◆ **Listed entries**
-.-.-
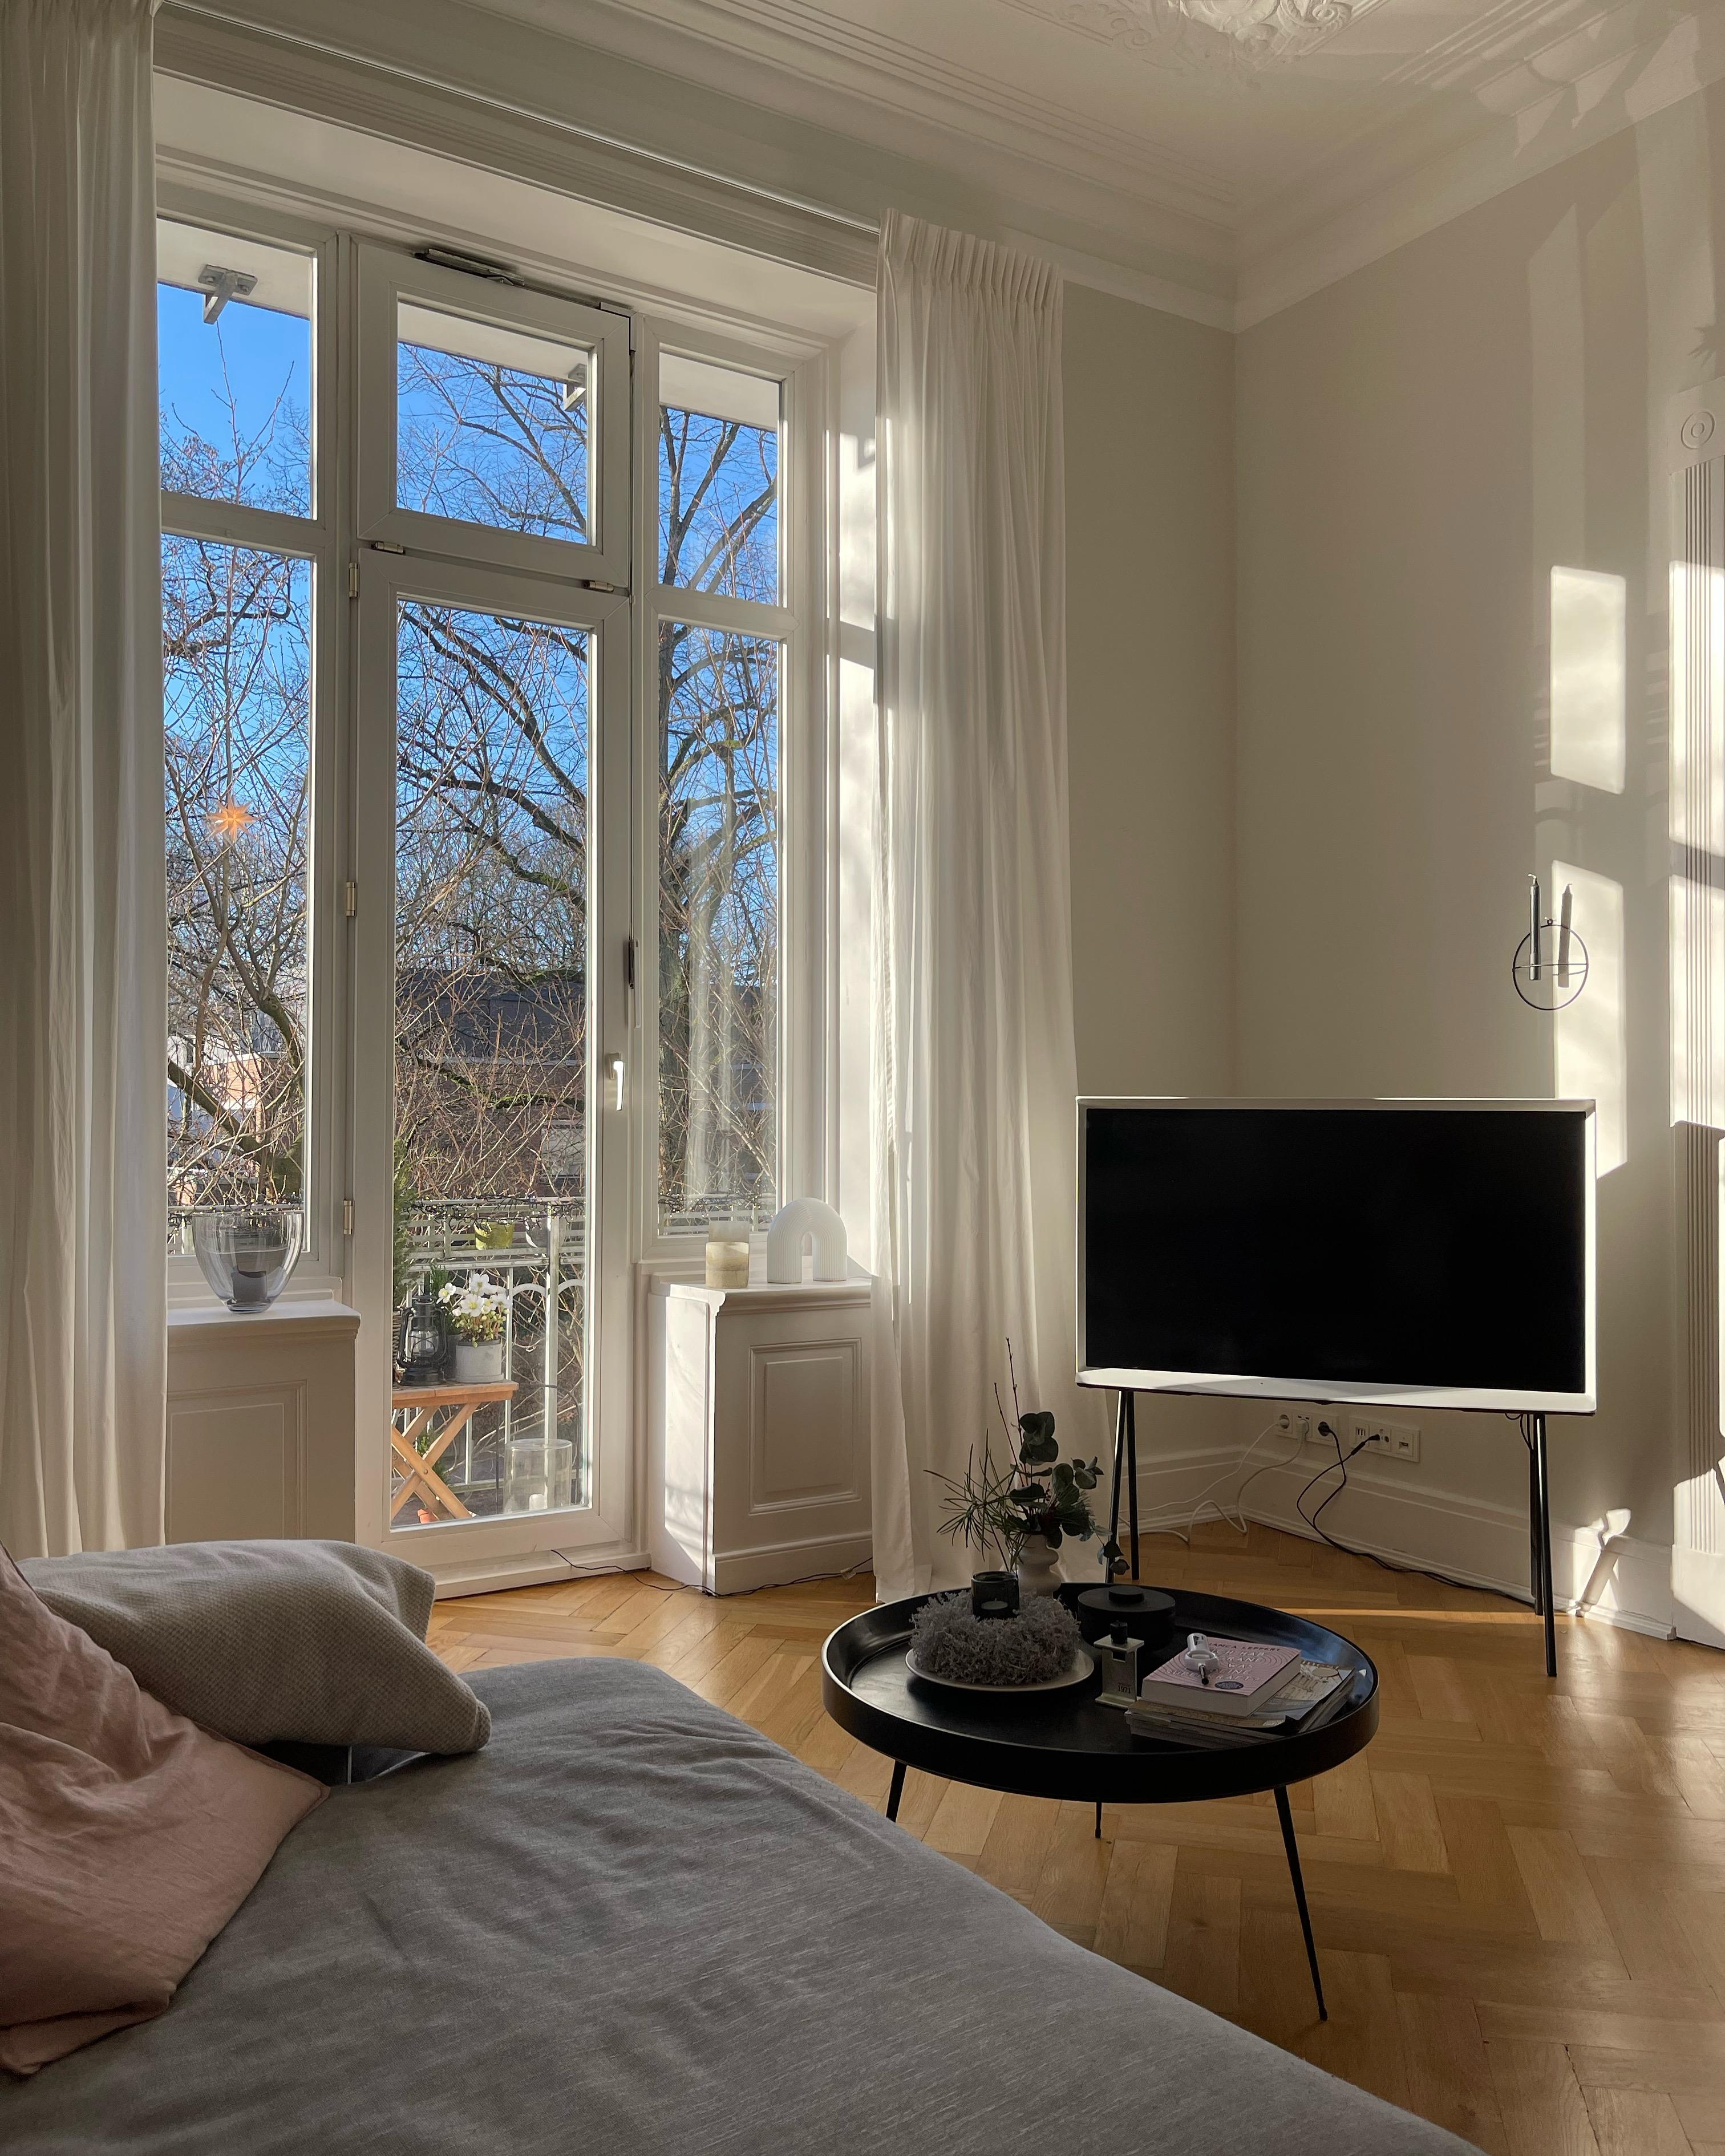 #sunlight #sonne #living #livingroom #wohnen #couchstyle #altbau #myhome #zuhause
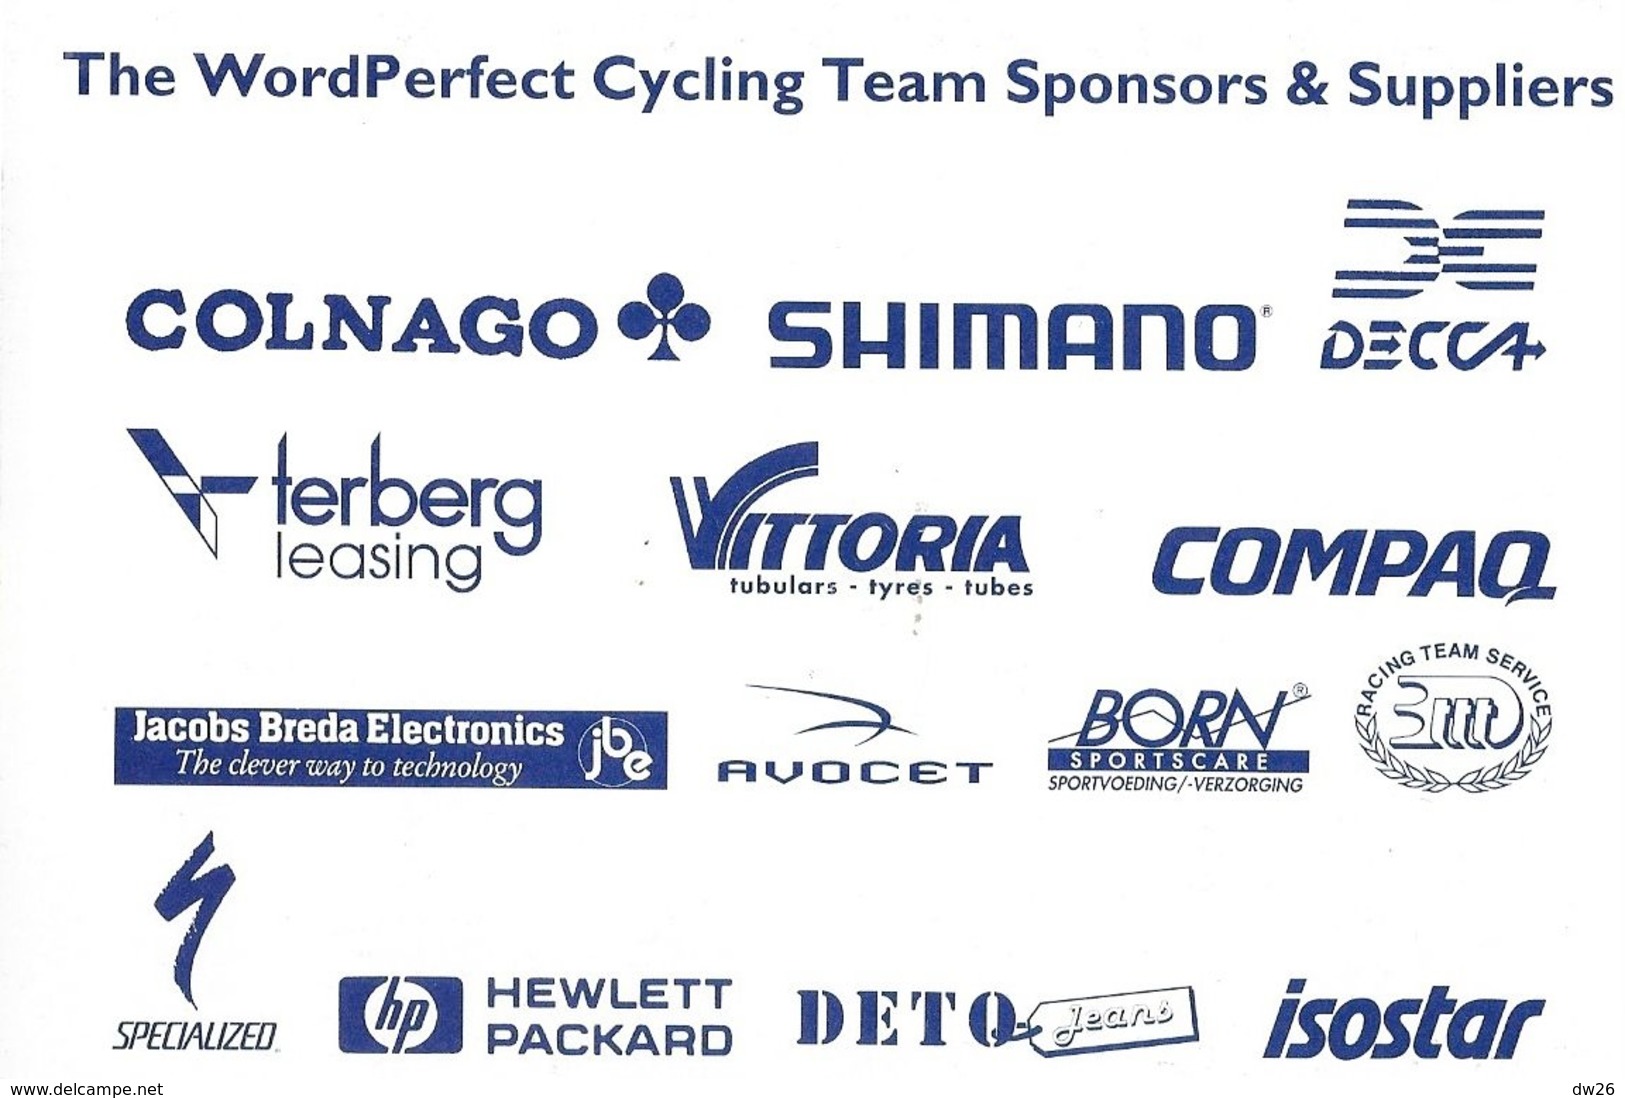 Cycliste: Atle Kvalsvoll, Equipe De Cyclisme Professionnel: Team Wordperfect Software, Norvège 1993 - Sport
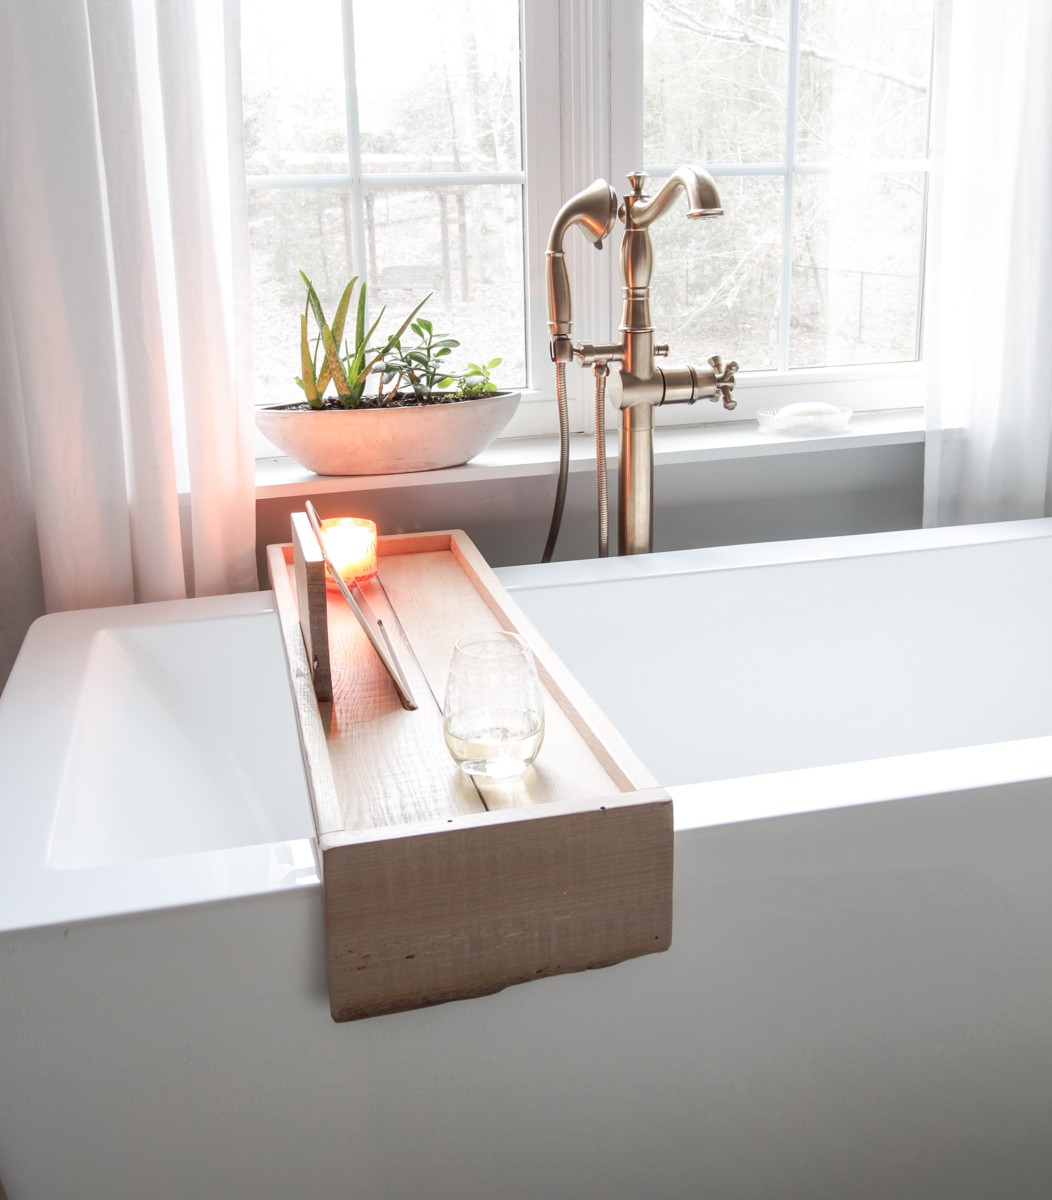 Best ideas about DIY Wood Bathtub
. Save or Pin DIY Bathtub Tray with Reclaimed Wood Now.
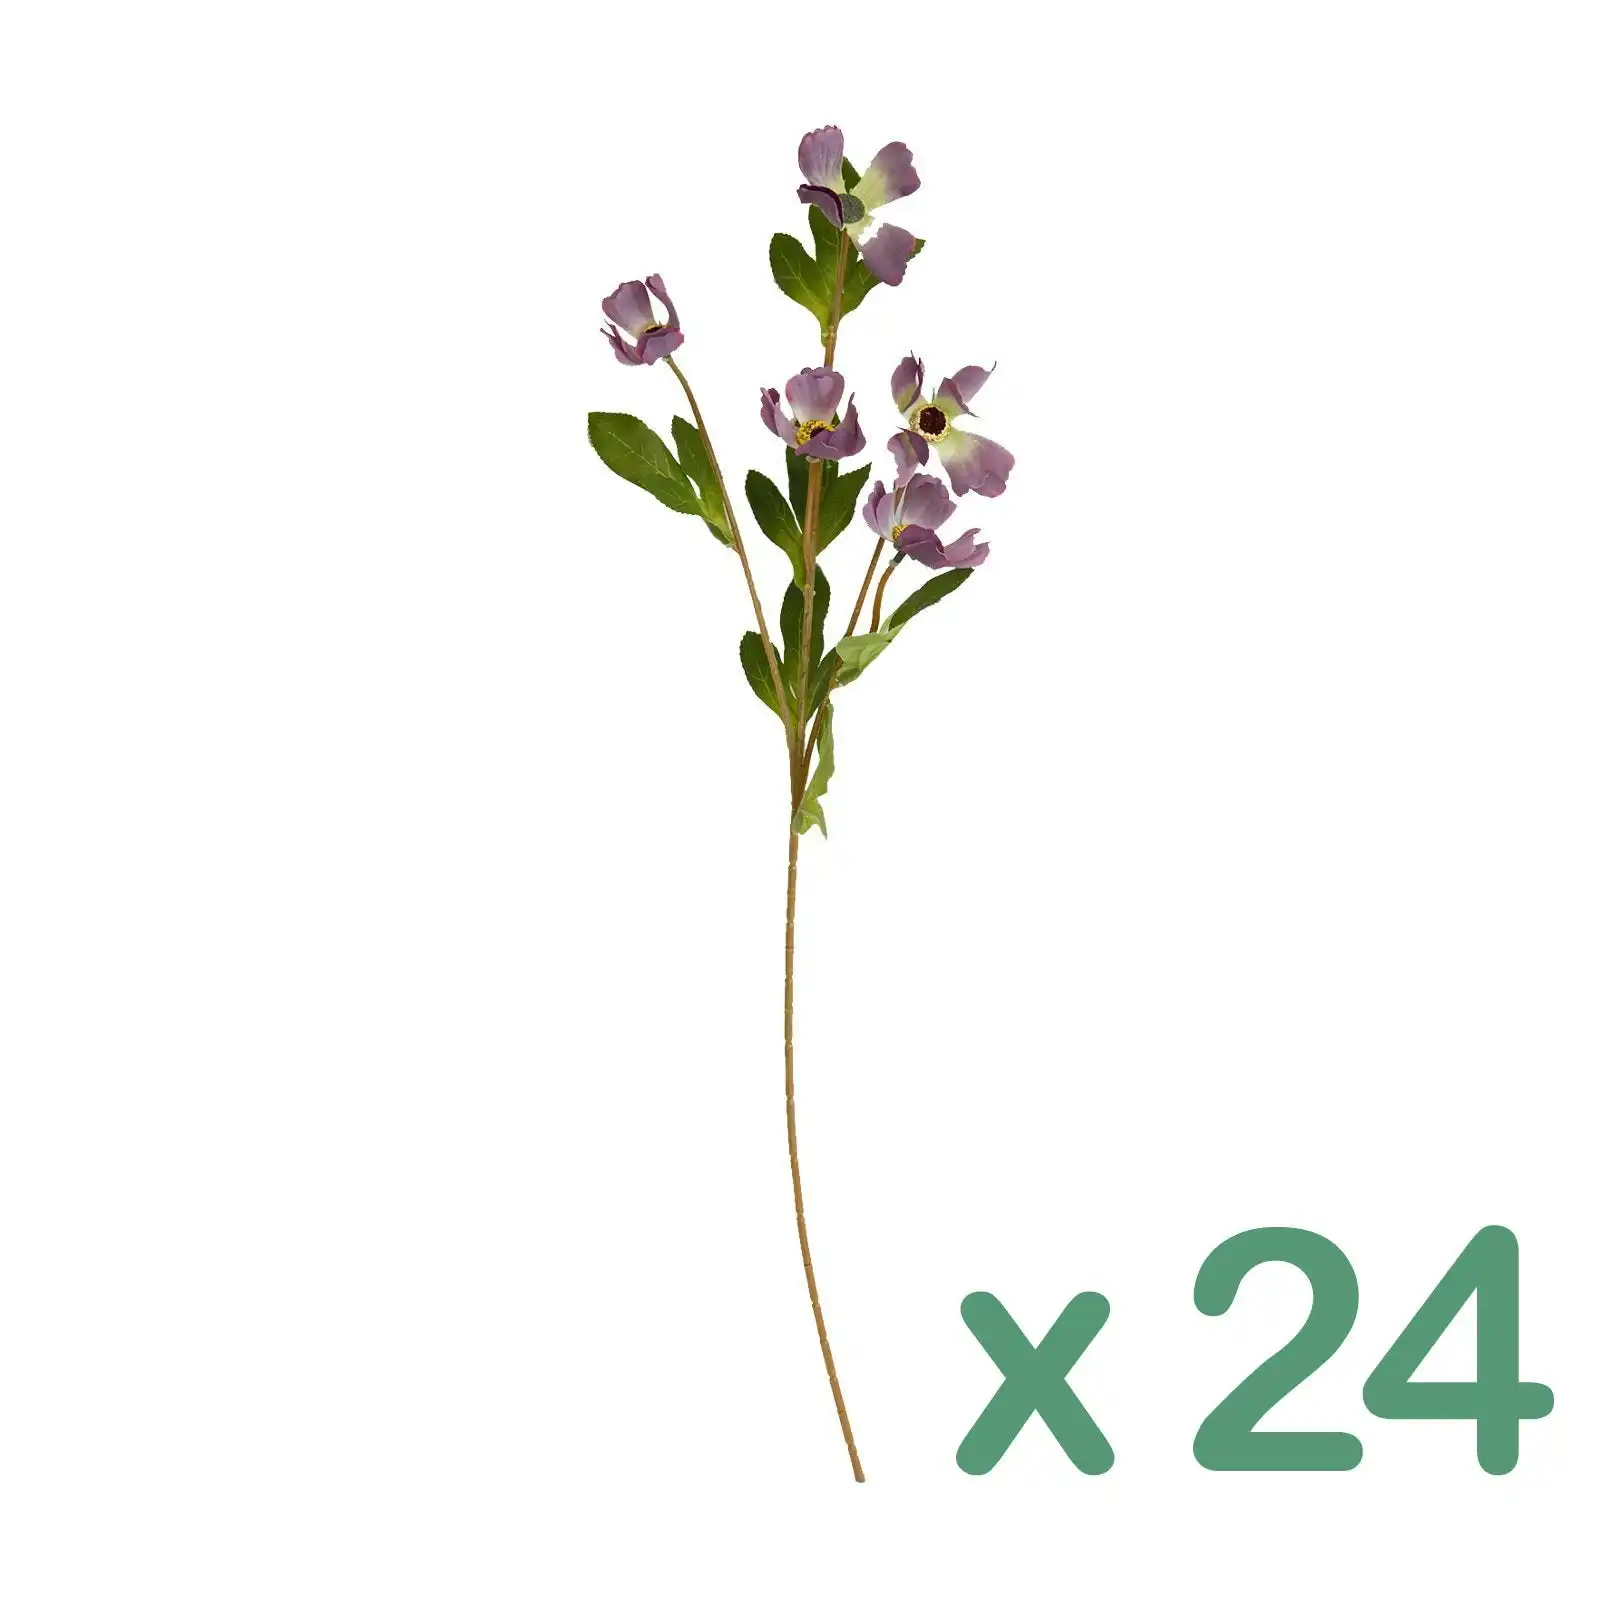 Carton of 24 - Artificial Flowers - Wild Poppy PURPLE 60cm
-.-.-
◆ **Task directions**
Give every record again word for word, pictures excluded.

◆ **Reply to the task**
 #sunlight #sonne #living #livingroom #wohnen #couchstyle #altbau #myhome #zuhause
 Cycliste: Atle Kvalsvoll, Equipe De Cyclisme Professionnel: Team Wordperfect Software, Norvège 1993 - Sport
 Best ideas about DIY Wood Bathtub
. Save or Pin DIY Bathtub Tray with Reclaimed Wood Now.
 Carton of 24 - Artificial Flowers - Wild Poppy PURPLE 60cm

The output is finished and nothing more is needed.